Create a view named app/views/jasminerice/spec/index.html.erb with the following:

<!doctype html>
<head>
  <title>Jasmine Spec Runner</title>
  <%= stylesheet_link_tag "jasmine", "spec" %>
  <%= requirejs_include_tag 'application' %>
  <%= javascript_include_tag "jasminerice", "spec", :debug => true %>
  <script>
    jasmine.rice.autoExecute = false;
    require([<%= spec_files.map { |f| "'#{f.sub(/\.js$/,'')}'" }.join(',').html_safe %>],
      function() { jasmine.getEnv().execute() },
      function(err) {
        var failedId = err.requireModules && err.requireModules[0];
        requirejs.undef(failedId);
        define(failedId, function() { return function() { console.debug(failedId + ': ' + err); null }; });
        require([ failedId ], function() {} );
      });
  </script>
  <%= csrf_meta_tags %>
</head>
<body>
</body>
</html>

This will require all the specs before running Jasmine (with jasmine.getEnv().execute()). I have an ugly hack in there to take the array of spec paths and generate an array of module names in quotes to pass to require.

I've also included an error callback in case there's a problem loading a module -- if you don't do this, your specs will hang when a module load fails. That's especially a problem when you're running them on the command line through guard-jasmine, which is what I do.

Unfortunately I haven't found a very good way to handle such errors -- here I write some info to console.debug and then required the failed module, returning an anonymous function in its place. This allows the specs to run but produces unpredictable results (which is better than no results).

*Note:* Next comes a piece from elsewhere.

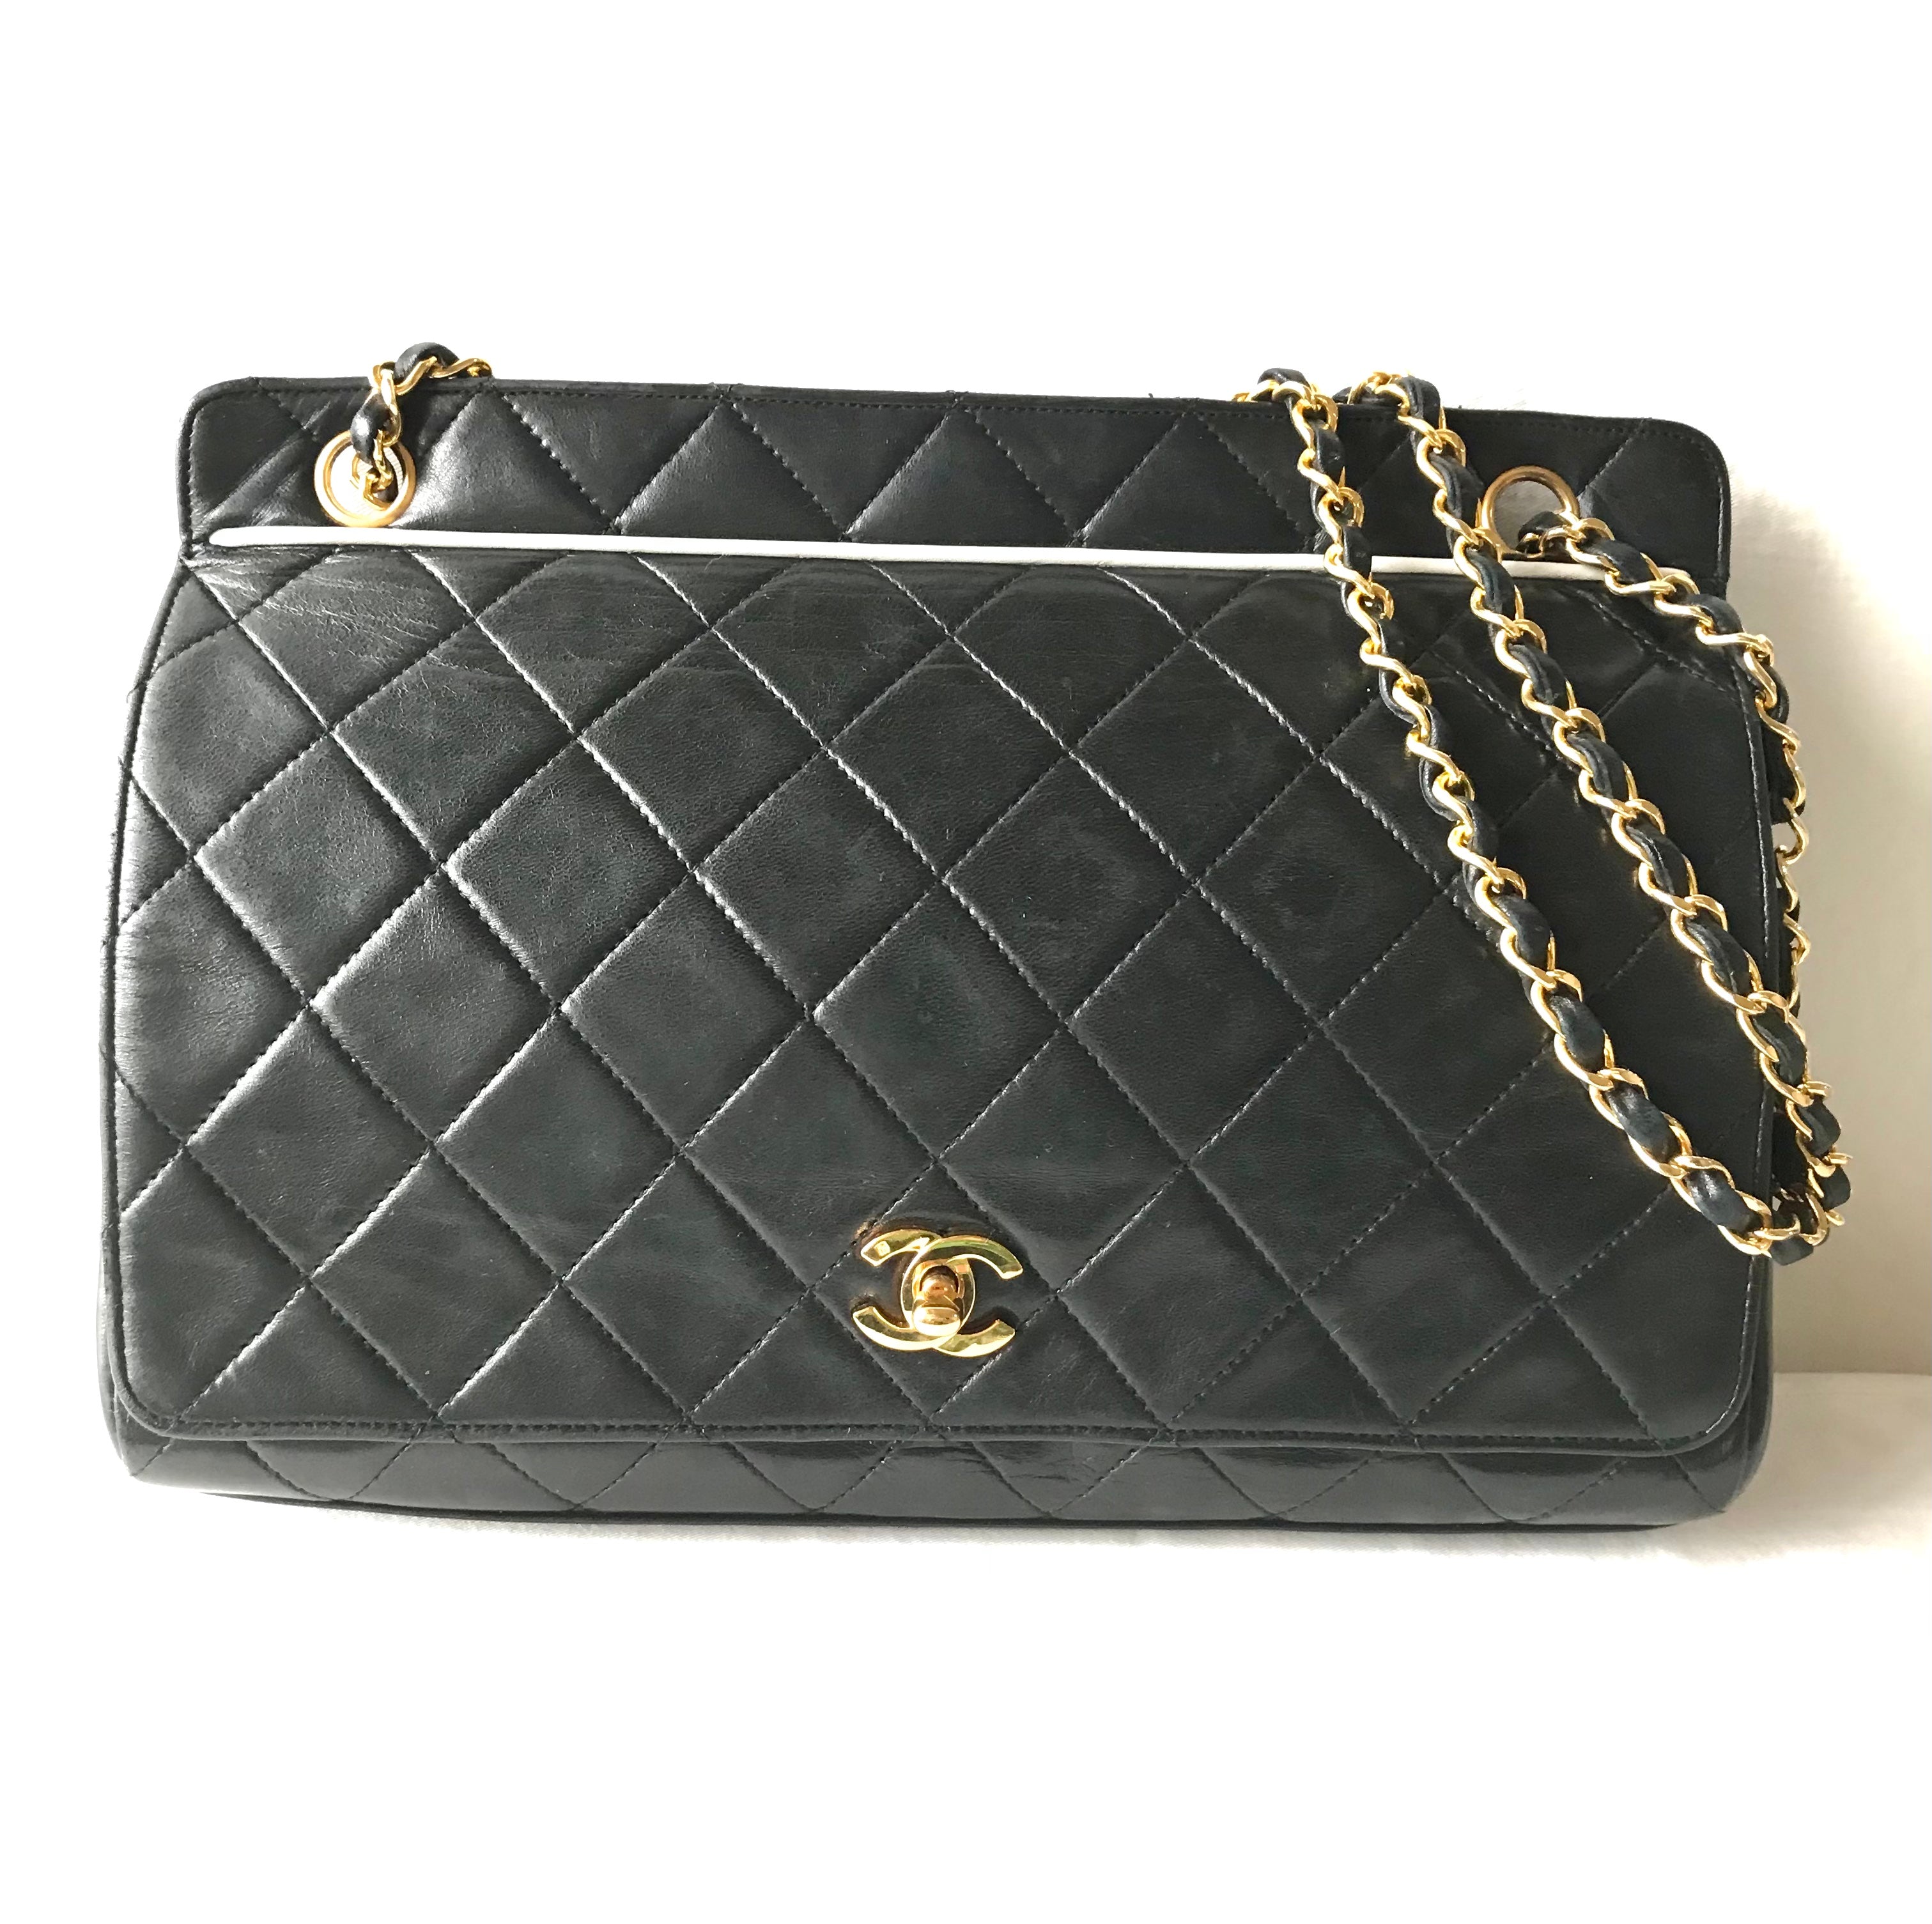 Vintage Chanel black leather 2.55 chain large shoulder bag with

I've been struggling to find a better way to deal with this situation, suggestions would be much appreciated.

3. Write some specs

My Jasmine specs take the form:

define (require) ->
  MyModule = require 'my-module'
  # any other dependencies needed to test

  describe 'MyModule', ->

    it 'exists', ->
      expect(MyModule).toBeDefined()

etc. Note that all my testing dependencies (jasmine, sinon, jasmine-sinon, etc.) I load outside of require, in spec.js.coffee:

#=require sinon
#=require jasmine-sinon
#=require_tree ./helpers/

I put any other helper functions I need in the helpers directory.

4. Bonus

One other tip: if you have problems because your browser won't reload modules even when they change, I use a trick of adding a dummy argument with a timestamp so that the browser will always see a new file and correctly load it.

I created this function in ApplicationController which I load in a before filter:

before_filter :set_requirejs_config

def set_requirejs_config
  opts = { :urlArgs => "bust=#{Time.now.to_i}" }) if Rails.env == "development"
  Requirejs::Rails::Engine.config.requirejs.run_config.merge!(opts)
end

This adds a query param bust=... to the end of each module name if we're in development mode, so that we always reload modules and get the most up-to-date version. Somewhere there's a post on SO explaining how to do this in RequireJS, but to get it to work with requirejs-rails you have to put it into ApplicationController (and not config/requirejs.yml) so that it is loaded every time you load the page.

Hope that might provide some hints to anyone else using this configuration!